### Exercise prompt
Both the line containing "Unisex Pro Cycling Reflective Socks" and the line containing "Dog wearing bandana" belong to the span. Output exactly that span from the listing below, and nothing outside it.

### Provided information

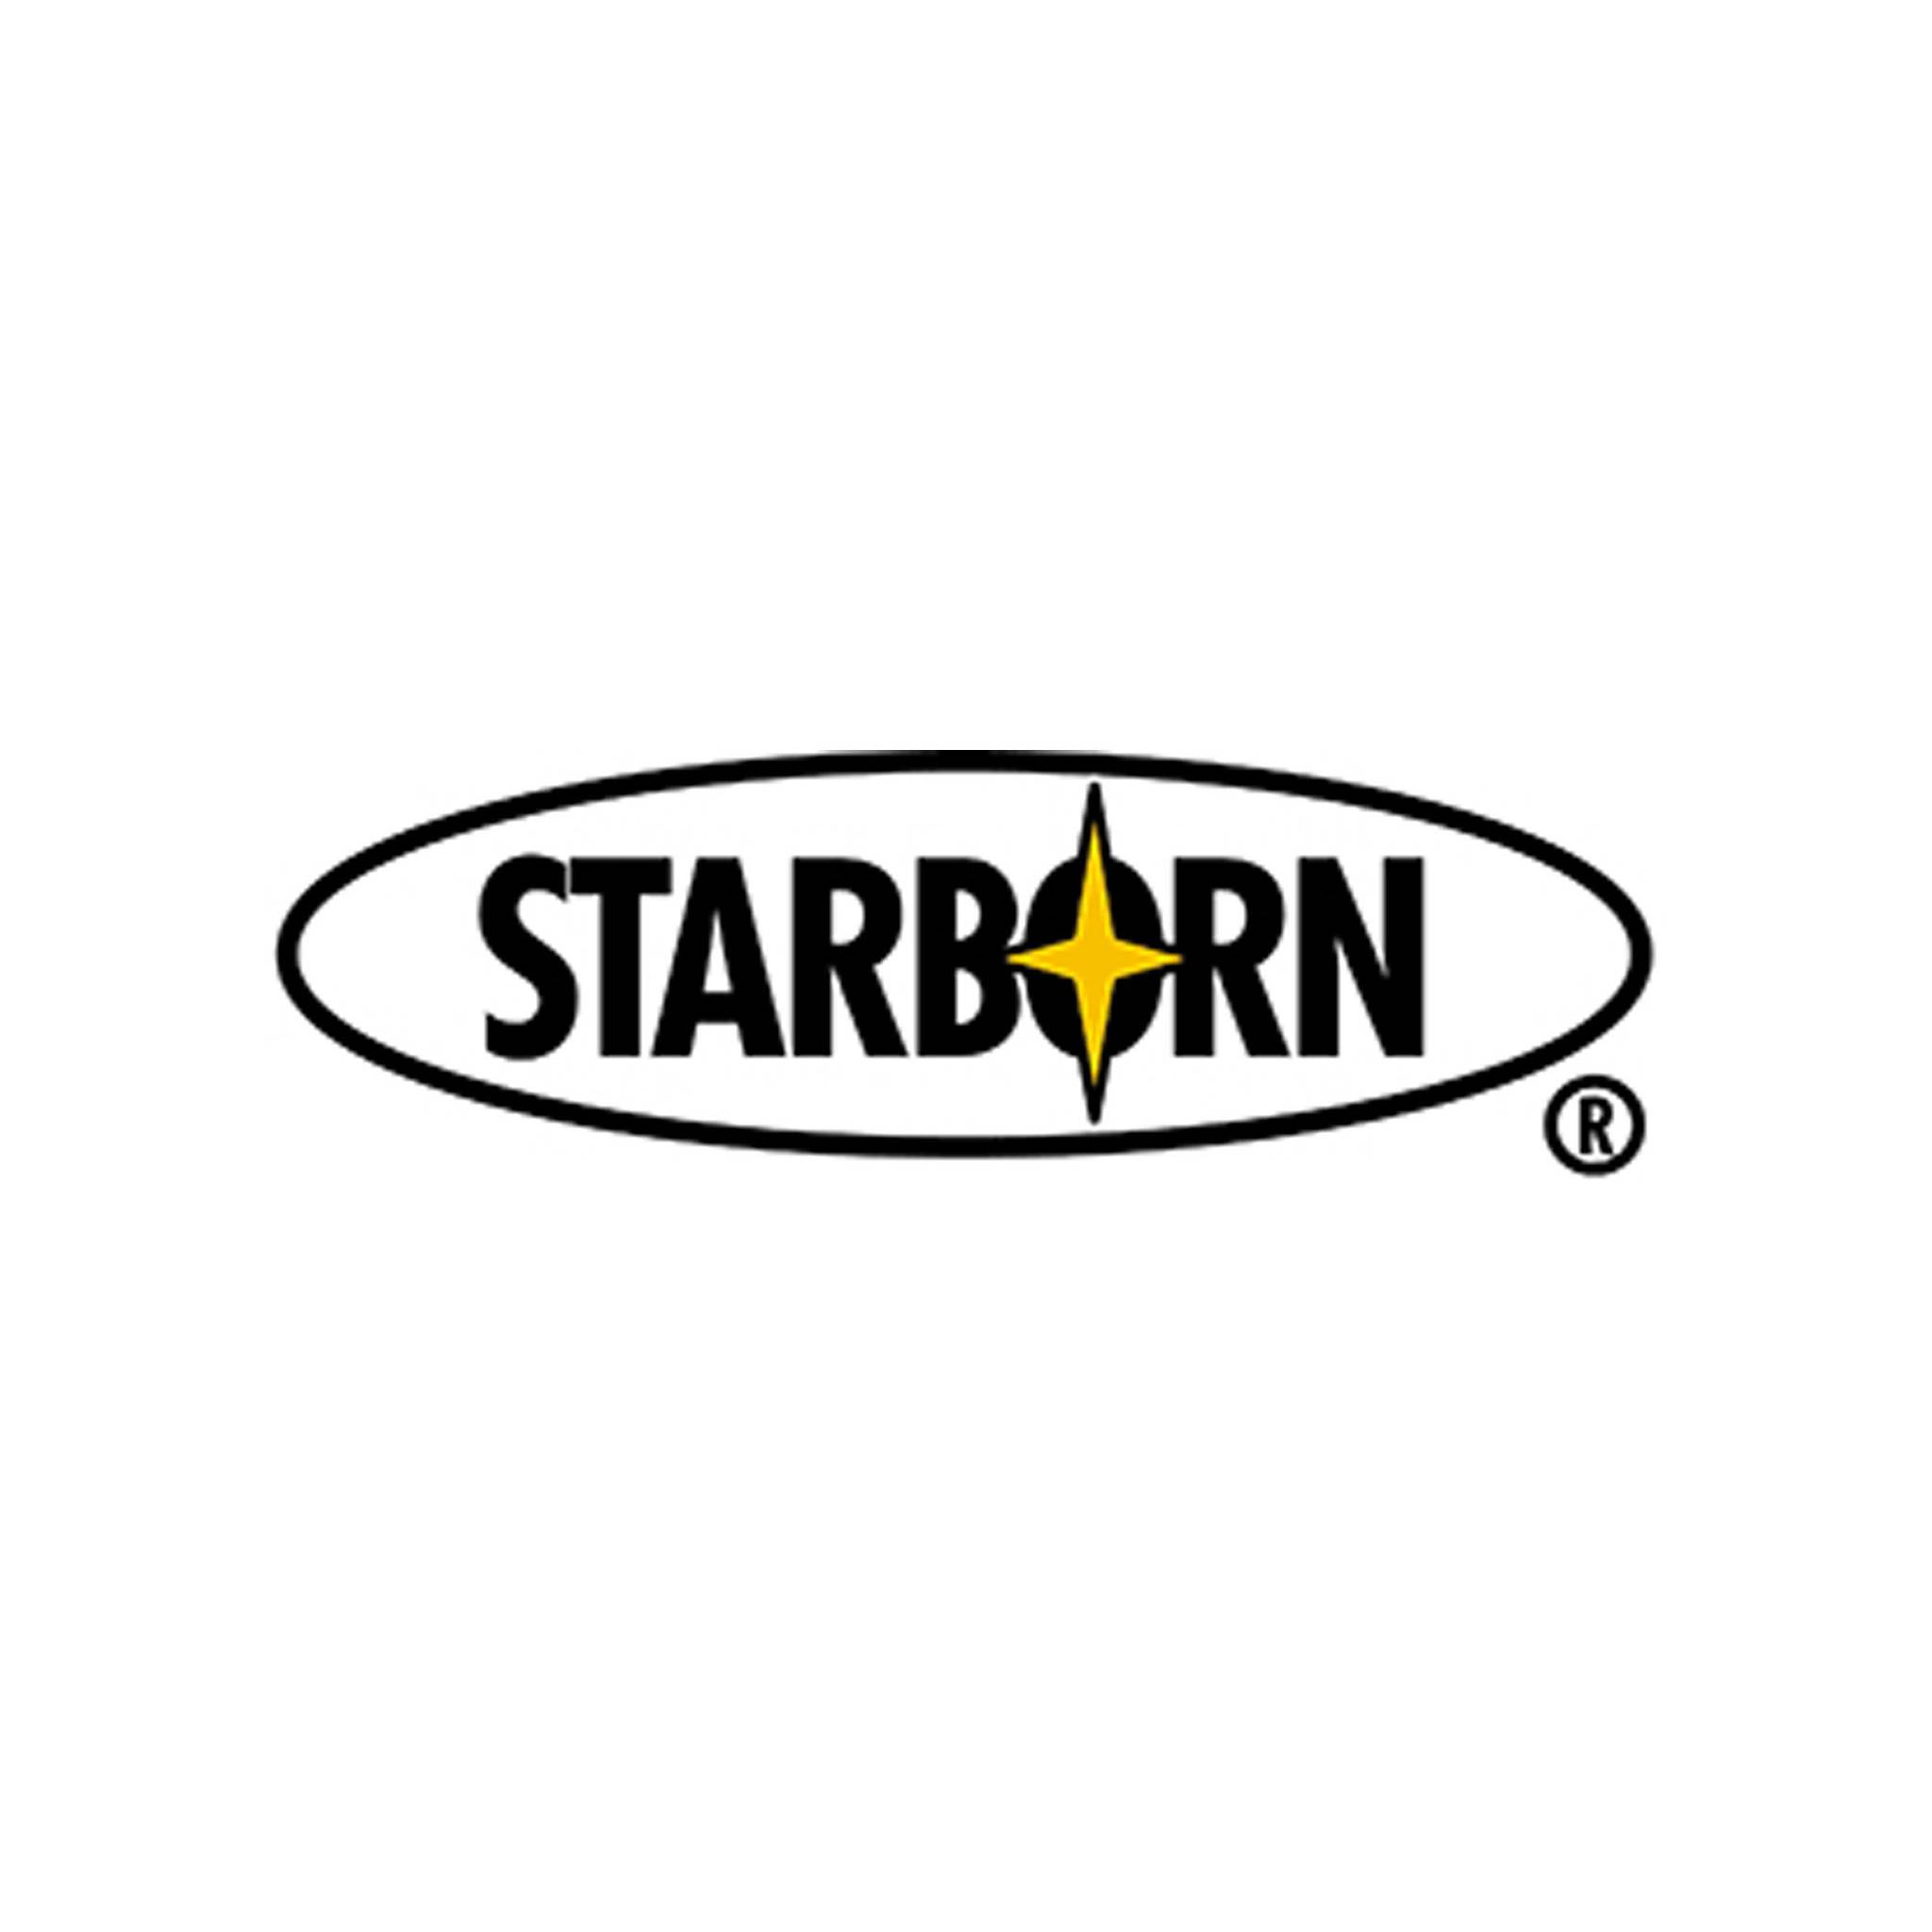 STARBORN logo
...
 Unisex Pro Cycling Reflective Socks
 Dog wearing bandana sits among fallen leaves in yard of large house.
* * *
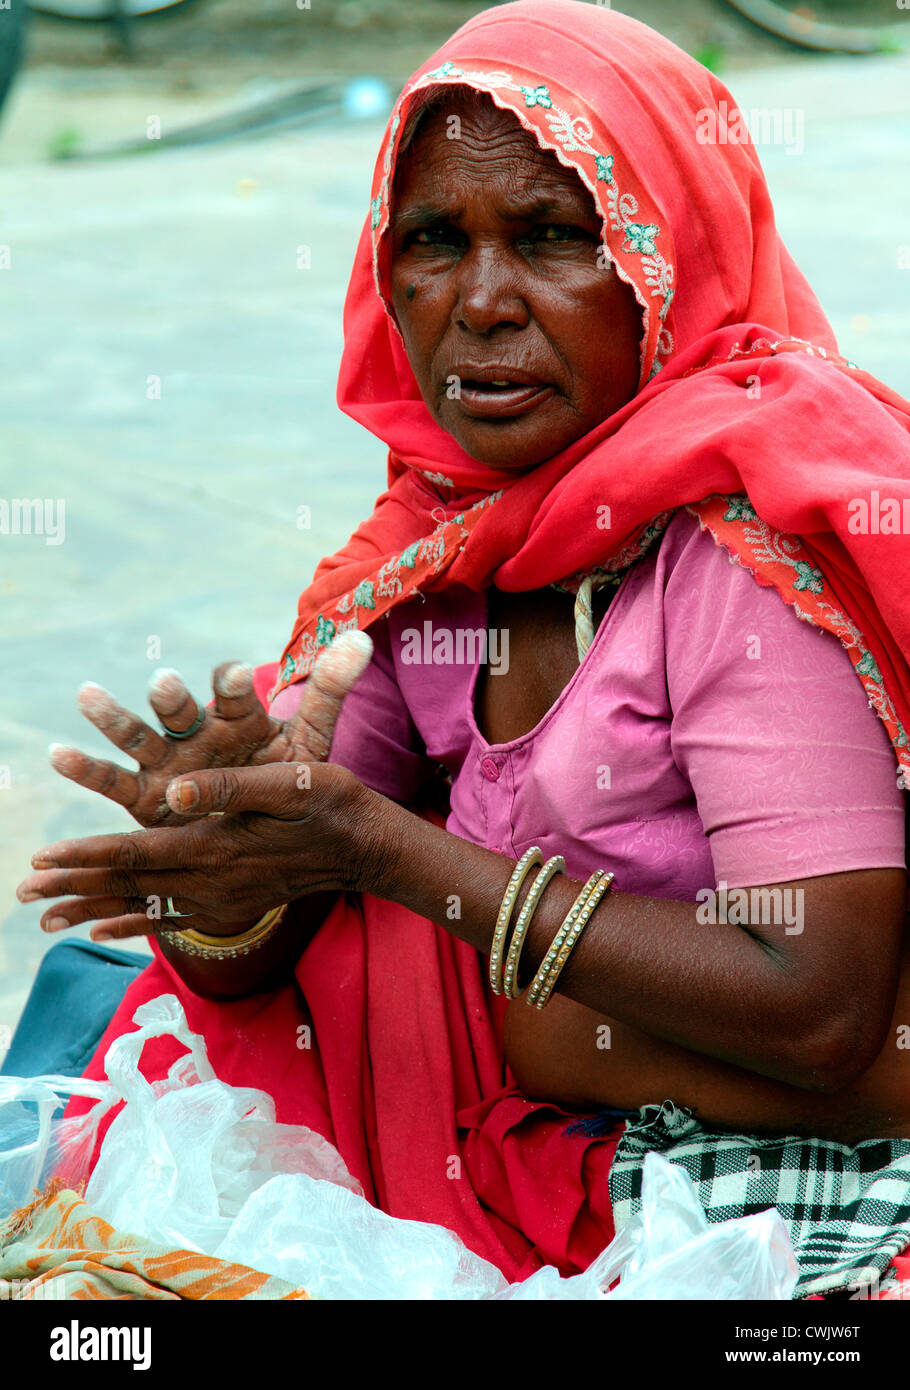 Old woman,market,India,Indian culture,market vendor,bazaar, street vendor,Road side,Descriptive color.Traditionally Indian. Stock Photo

### Task response
 Unisex Pro Cycling Reflective Socks
 Dog wearing bandana sits among fallen leaves in yard of large house.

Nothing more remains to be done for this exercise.